Proof of the decomposition (both bounds):

  • Bob guarantees ≥ Vmirror. Mirroring keeps the invariant “before each Alice move every pair is fully-open or fully-closed,” so Alice always opens a fresh pair and Bob closes it. The game becomes M/2 independent two-move episodes, each worth exactly v_p. Total = Σ v_p = Vmirror.
  • Alice caps at ≤ Vmirror. Let w_p be the pair value when Bob plays first (Alice responds last). Because Bob is the maximizer and moving last helps him, w_p ≤ v_p. The only way a pair can exceed v_p is if Bob edits both of its columns (value y_p ≥ v_p). Alice prevents this with a transversal/pairing strategy: Bob can claim only one column per turn, so the instant Bob opens a fresh pair, Alice closes it on her next move. Every pair then has exactly one Alice edit and one Bob edit, costing ≤ v_p. Hence Vgame ≤ Σ v_p = Vmirror.

Both bounds meet, so Vgame = Vmirror. ∎

Verification. Exhaustive minimax (independent of the closed-form formula below) confirms this on ~2400 random grids spanning M ∈ {4,6}, N ∈ {1,2,3}, K ∈ {1..5}:

  • Vgame == Vmirror (sum of per-pair Alice-first subgames) — 0 mismatches.
  • Vfree == Vbobmirror (Bob constrained to always mirror from the root vs. unconstrained) — 0 differences, i.e. Bob can never beat the mirror.

See test_mirror.py and test_mirror2.py.

Nuance (do not overstate the lemma). “Bob mirrors” is true as “there exists an optimal Bob strategy that always mirrors,” but not as “every optimal Bob move in every reachable position is a mirror.” Off the optimal line — after Bob has already deviated and left a dangling half-open pair that Alice threatens to seize (cost y_p) — mirroring the newly opened pair becomes suboptimal and Bob must instead close the dangling pair. These nodes never arise on optimal play (for M ≥ 6 they exist but only after a prior Bob blunder). Also, if Bob deviates and lets Alice take both columns of a pair, Alice drives that pair down to S - (two largest c[r]) (which is 0 only when N = 1 or the two largest c already cover all asymmetry — not “zero” in general).

Since the asymmetry is a sum over independent pairs, the game decomposes into M/2 independent per-pair subgames, each solved as follows:

  • c[r] = g[r][j] - g[r][M-1-j] , S = sum(c[r] for all rows r)
  • For each column assignment (Alice takes column j or M-1-j):
    • Alice picks row r_A and value v
    • Bob responds in the other column, choosing row r_B and value to maximize

Value Choice Analysis (given column & row)

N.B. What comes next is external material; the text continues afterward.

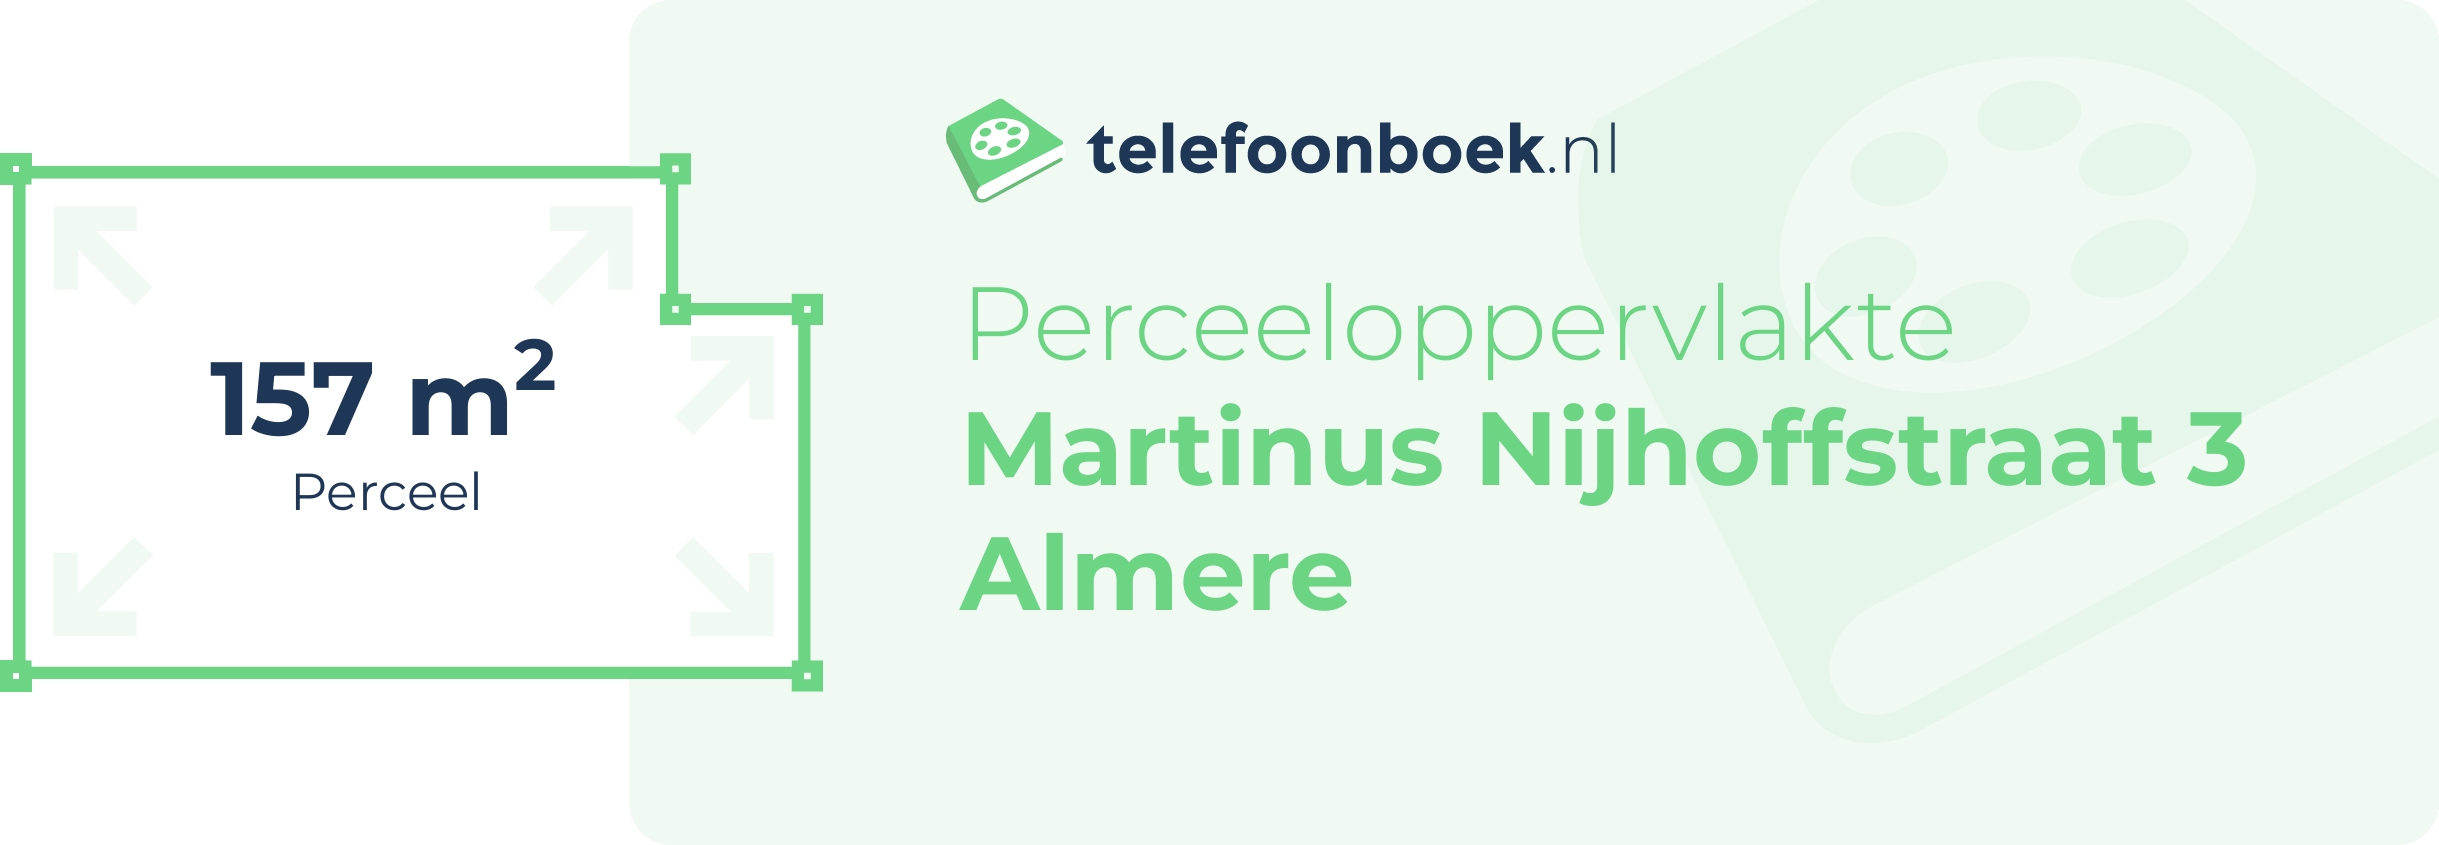 Perceeloppervlakte Martinus Nijhoffstraat 3 Almere
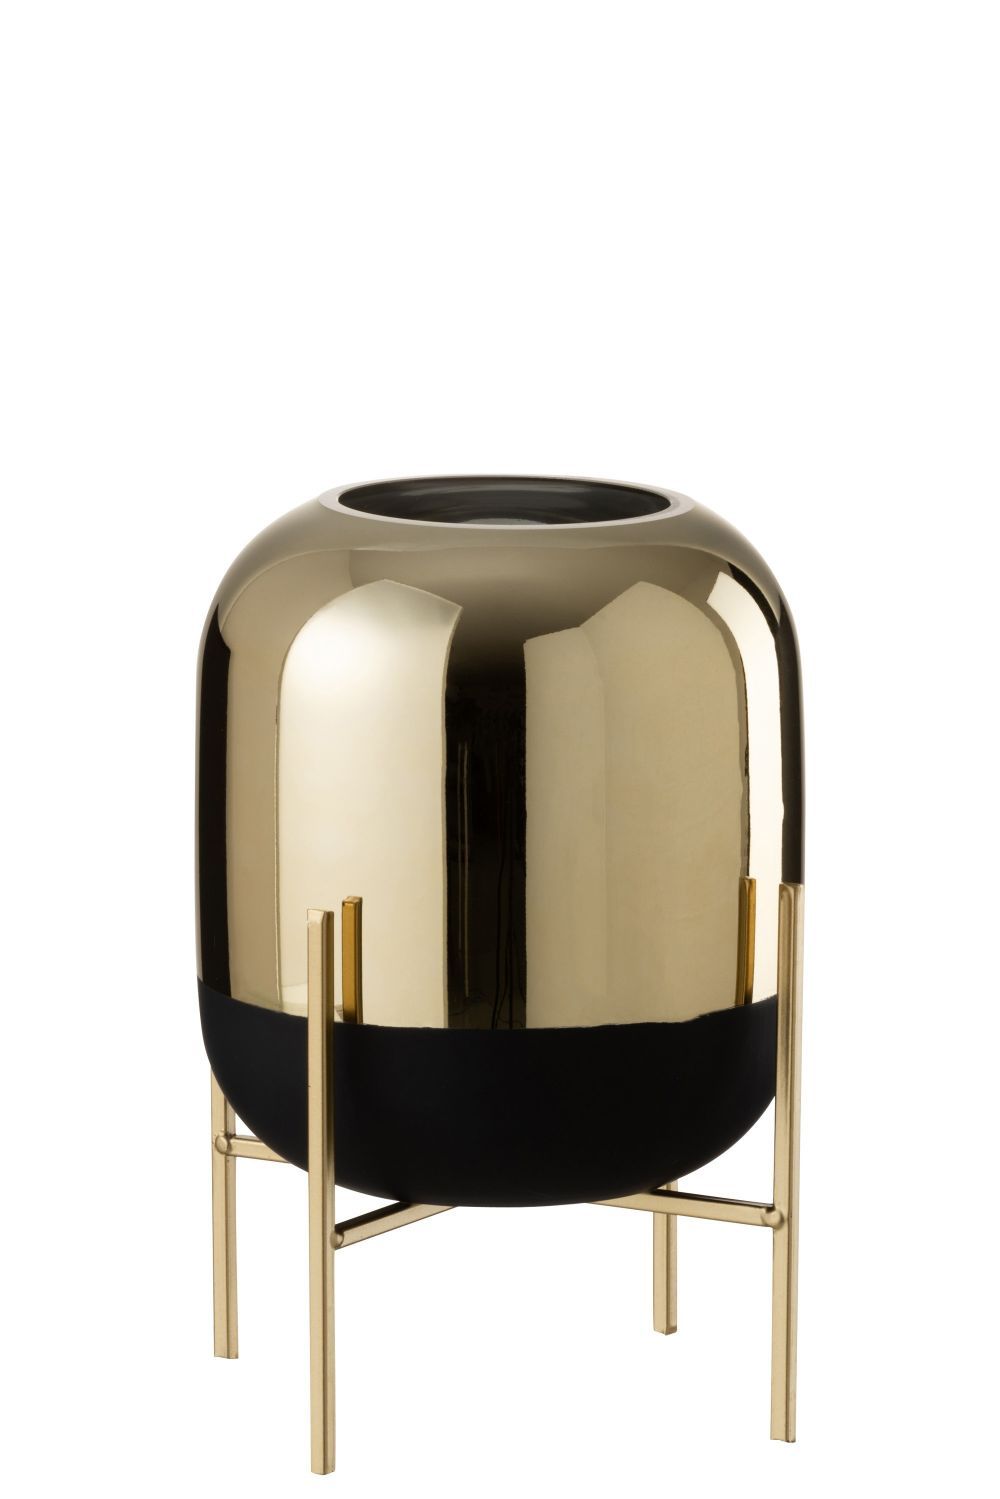 Skleněná černo-zlatá dekorační váza na podstavci - Ø 20*27cm J-Line by Jolipa - LaHome - vintage dekorace

When Alice sets g[r_A][col] = v and Bob sets g[r_B][other]:

  • Same row (r_B = r_A): Bob achieves max(v, K-v) at row r_A. Total = S - c[r_A] + max(v, K-v)

  • Different row (r_B != r_A): Alice’s row contributes |v - g[r_A][other]|, Bob’s row contributes max(g[r_B][col], K-g[r_B][col]). Total = S - c[r_A] + |v - x| + flip[r_B] where x = g[r_A][other] and flip[r] = max(g[r][col], K-g[r][col]) - c[r]

Critical Deviation From Original Plan: The Value Tradeoff

Original plan treated “same row” and “different row” as separate cases with independent value choices:

  • Match gain = half_k - max(c), achieved by Alice setting v = floor(K/2)
  • Different gain = -c[r_A] + best_flip_excluding(r_A), achieved by Alice setting v = x

This was wrong. Alice must pick a single value v that simultaneously addresses both threats:

  • v = floor(K/2) minimizes Bob’s same-row response
  • v = x minimizes Alice’s row contribution for different-row

Correct analysis: Alice minimizes over integer v:

f(v) = max(max(v, K-v), |v - x| + F)

where F = best flip gain excluding r_A. This is the maximum of two V-shaped functions and has a closed-form minimum:

a = min(x, K-x),  b = max(x, K-x)
If F <= a:         inner = half_k          (Bob's same-row defense is binding)
If a <= F <= b:   inner = ceil((b+F)/2)   (tradeoff between both threats)
If F > b:         inner = F               (Bob's different-row gain is binding)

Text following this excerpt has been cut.